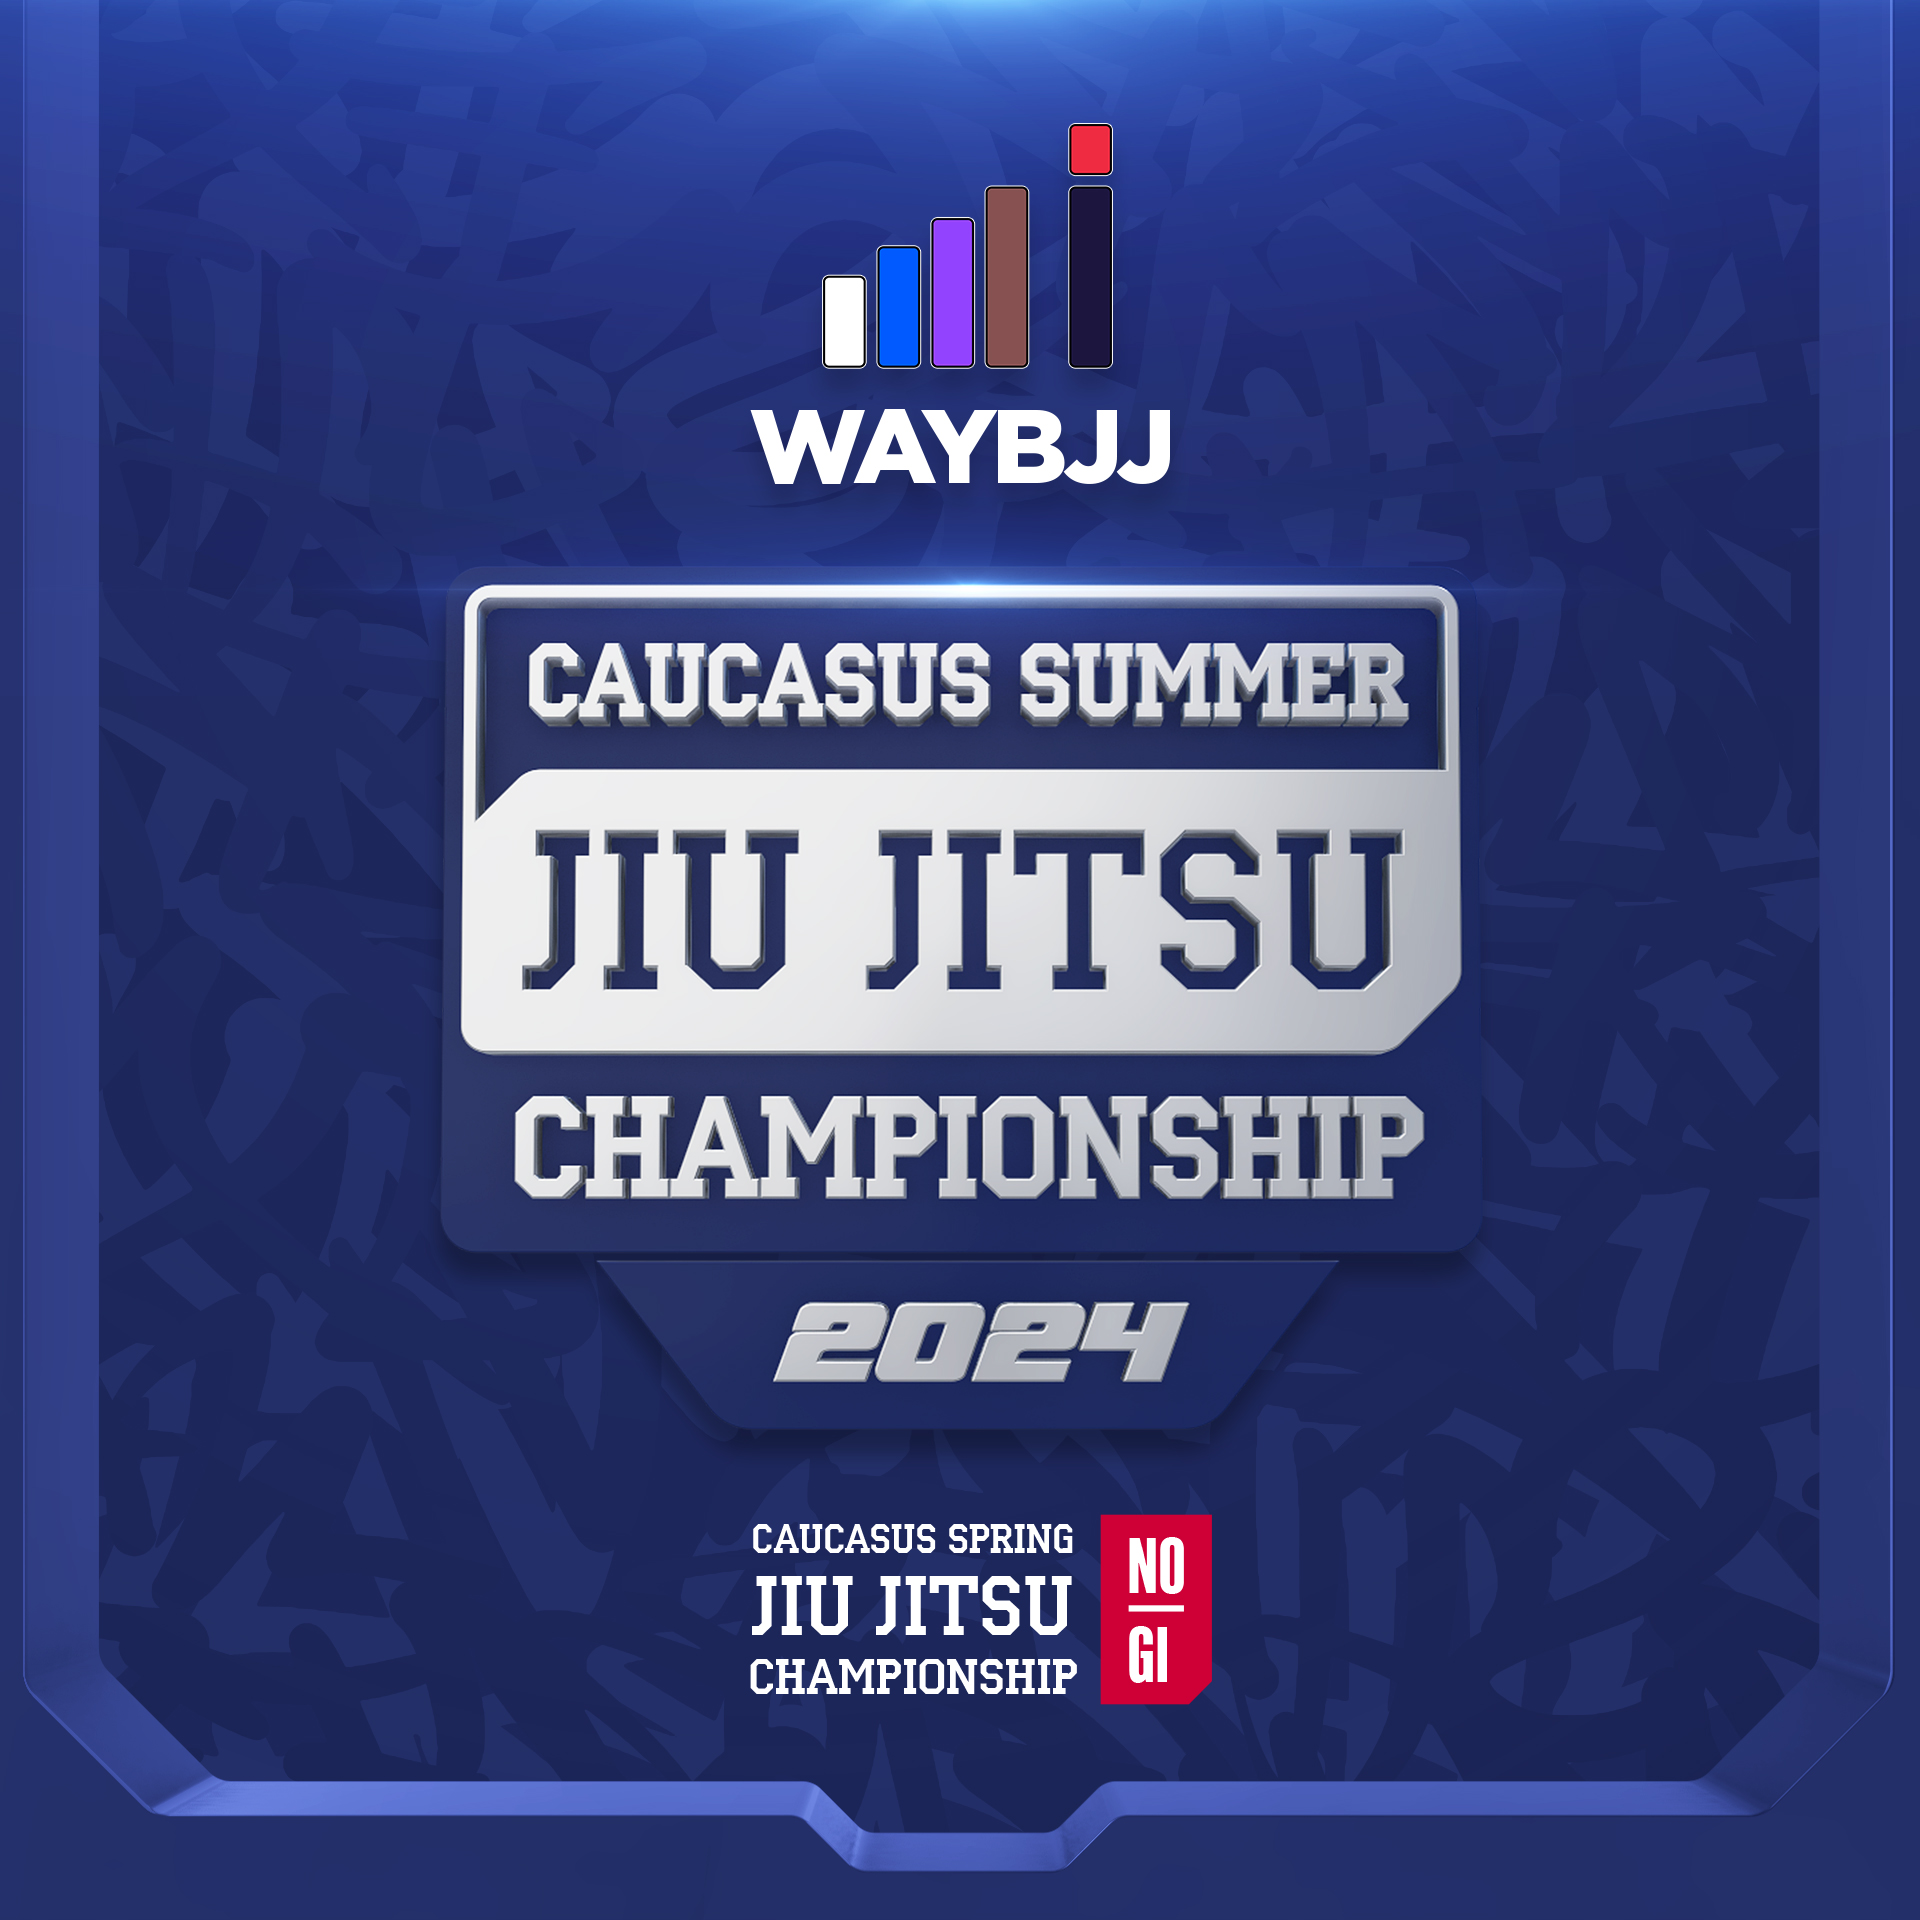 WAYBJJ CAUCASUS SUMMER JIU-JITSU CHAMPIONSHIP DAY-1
++++++++
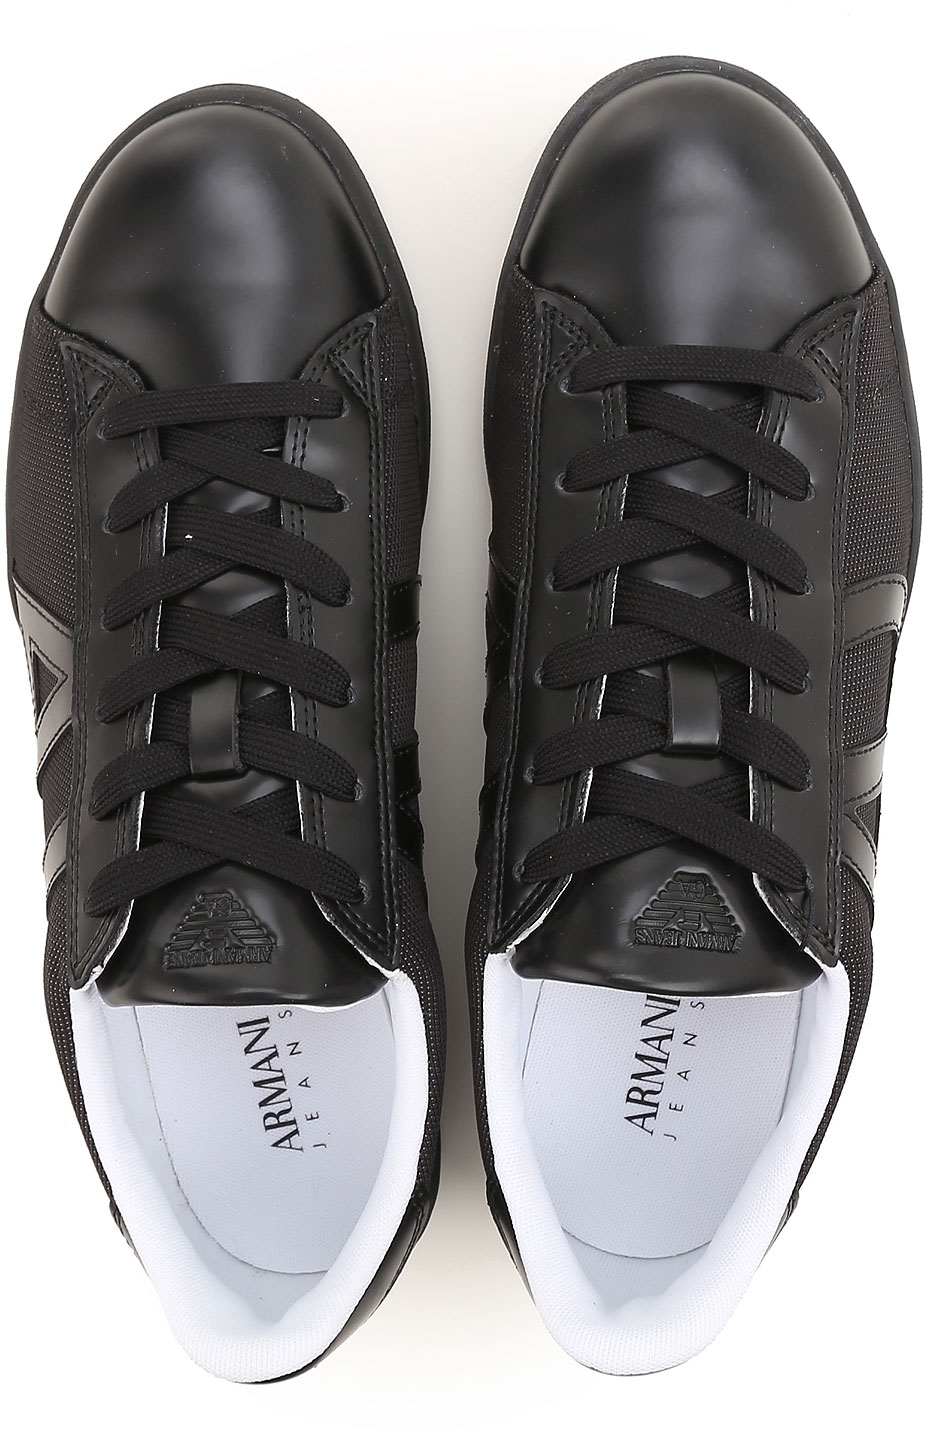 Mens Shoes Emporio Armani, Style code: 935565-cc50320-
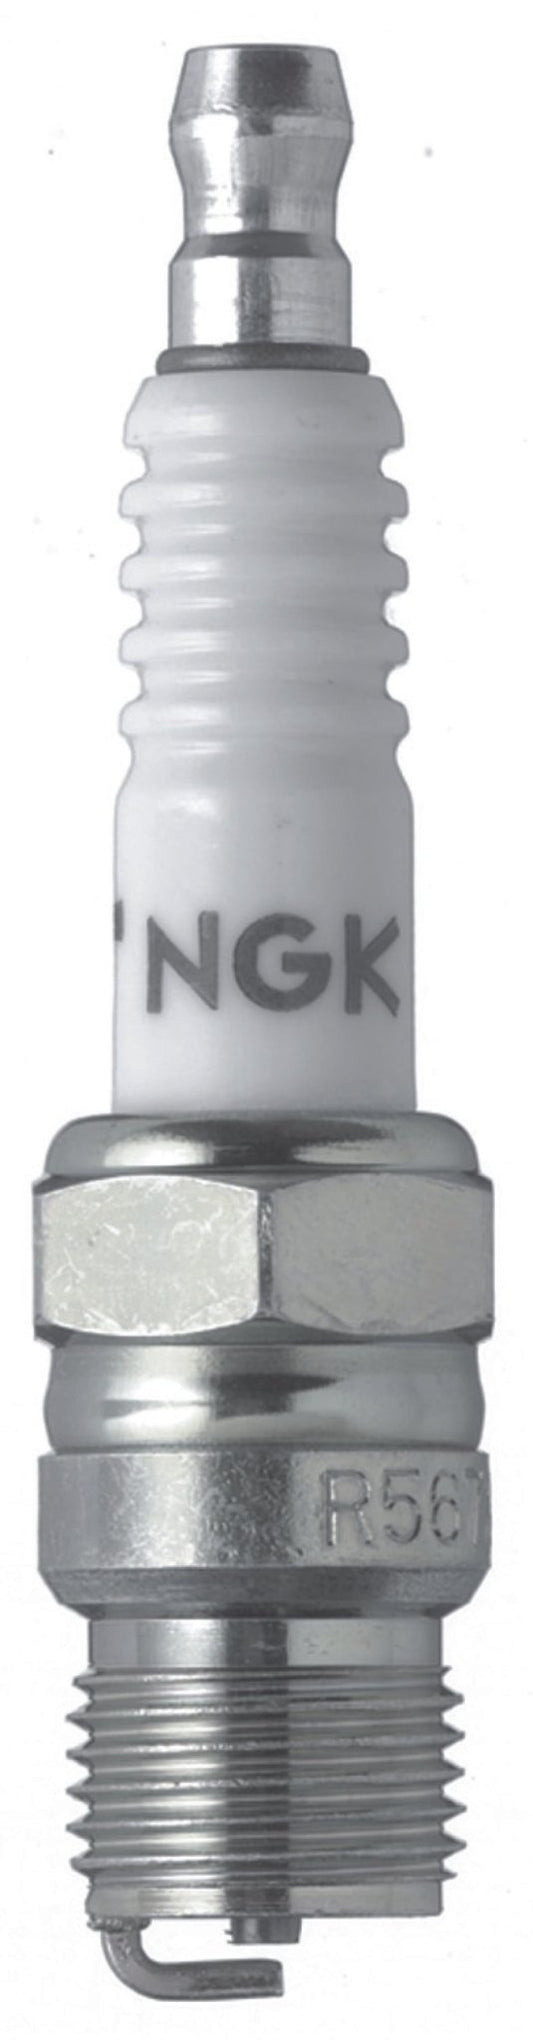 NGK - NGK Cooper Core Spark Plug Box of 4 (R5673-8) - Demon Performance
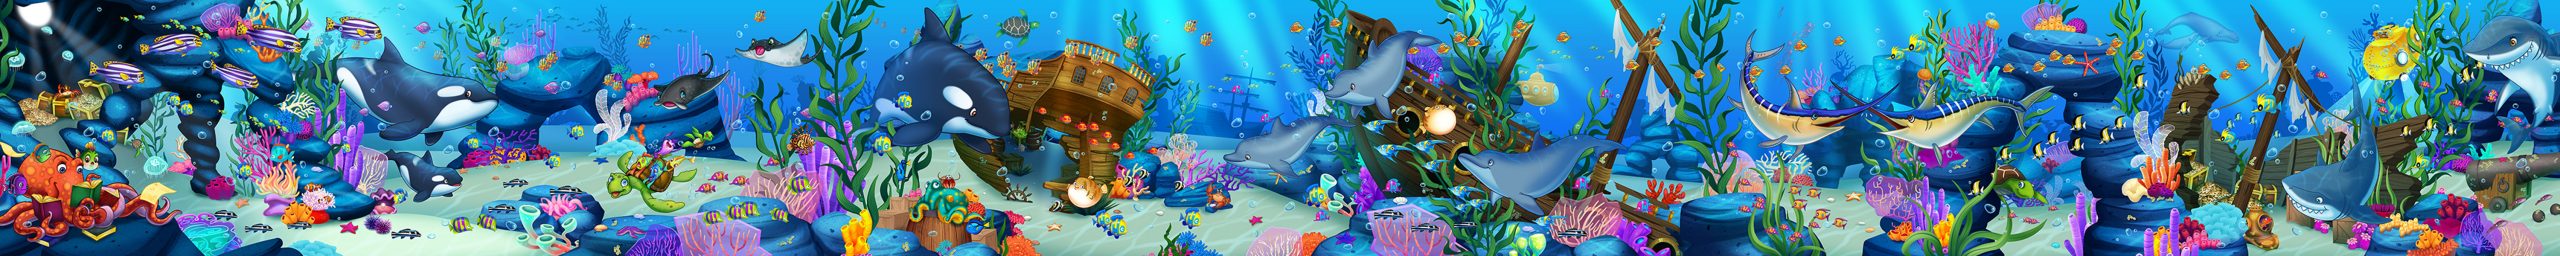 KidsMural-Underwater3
++++++++
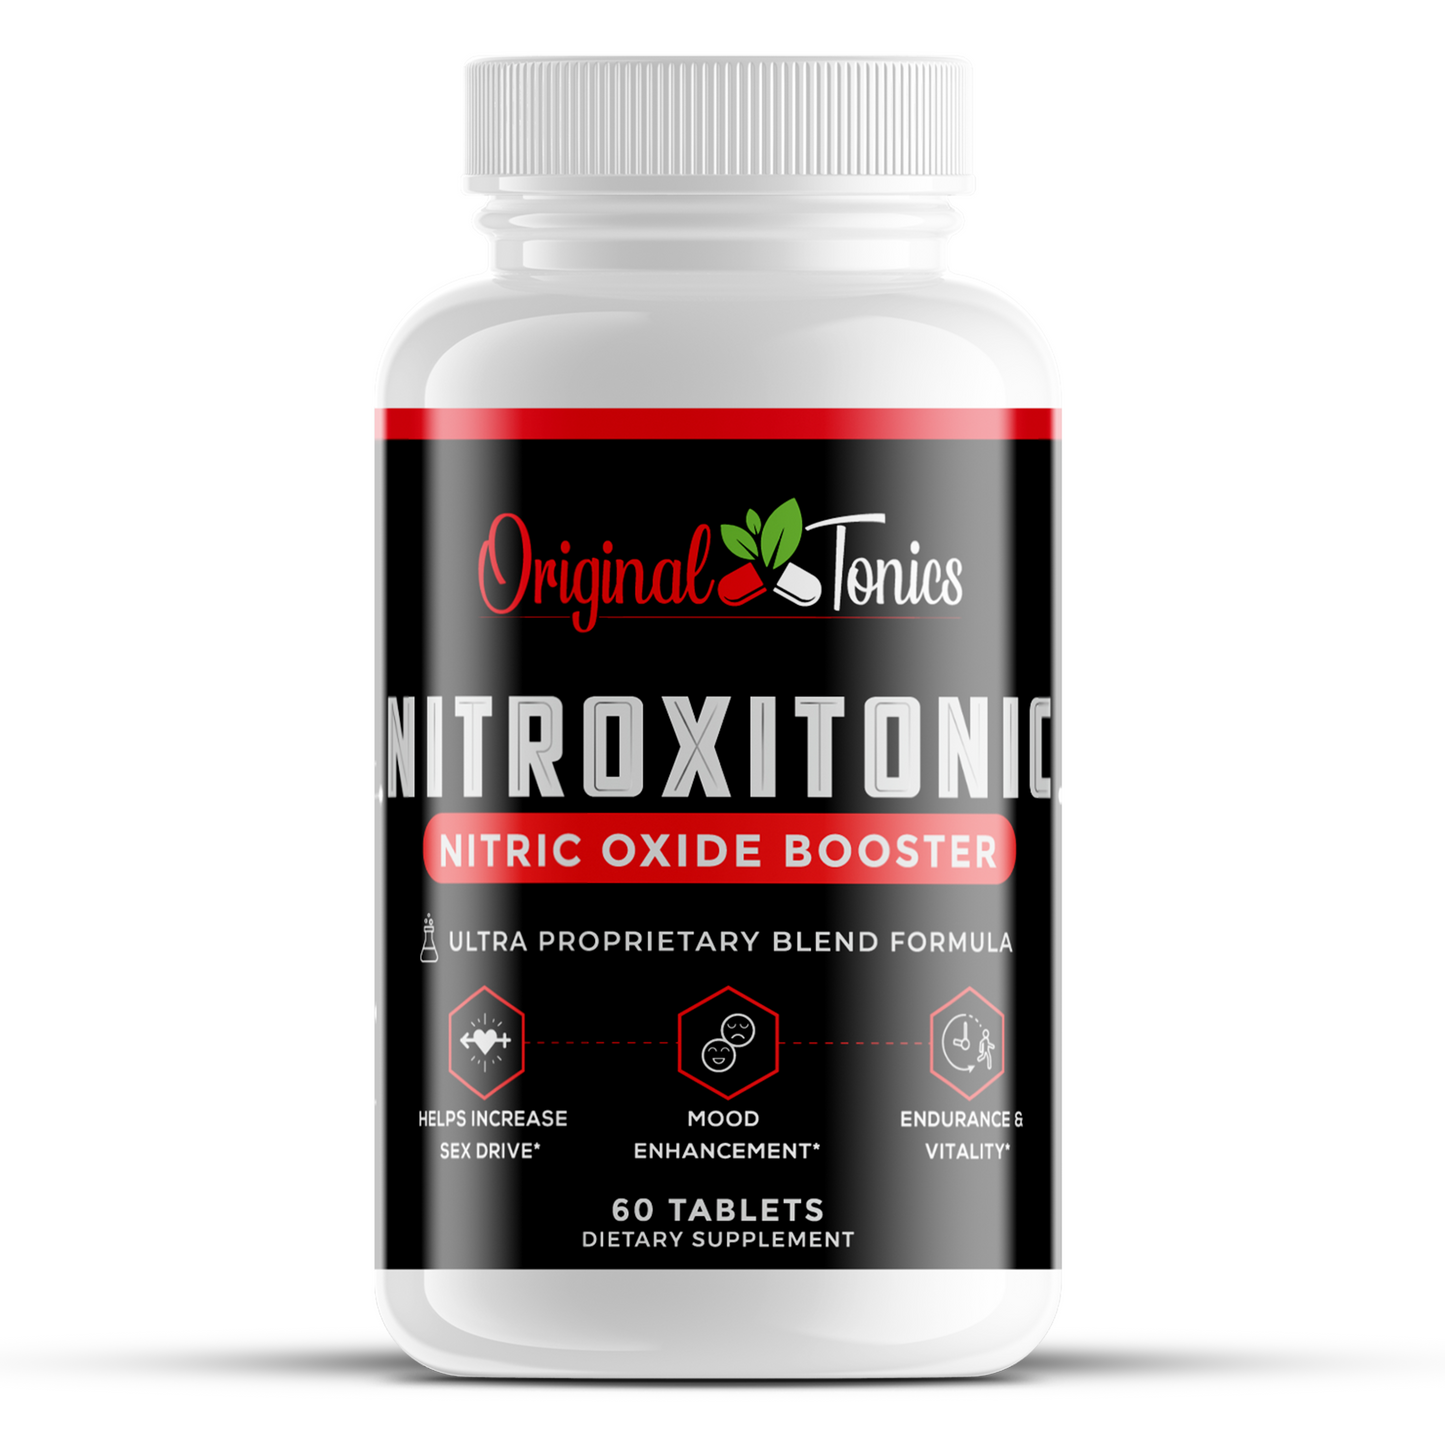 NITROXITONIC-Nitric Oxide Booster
++++++++
→ **PROMPT**
Once the line with "Mens Shoes Emporio" is found above, transcribe each line from it through the line with "KidsMural-Underwater3", exactly, and omit the pictures.

→ **OUTPUT FOR THIS EXERCISE**
 Mens Shoes Emporio Armani, Style code: 935565-cc50320-
 NGK - NGK Cooper Core Spark Plug Box of 4 (R5673-8) - Demon Performance
 KidsMural-Underwater3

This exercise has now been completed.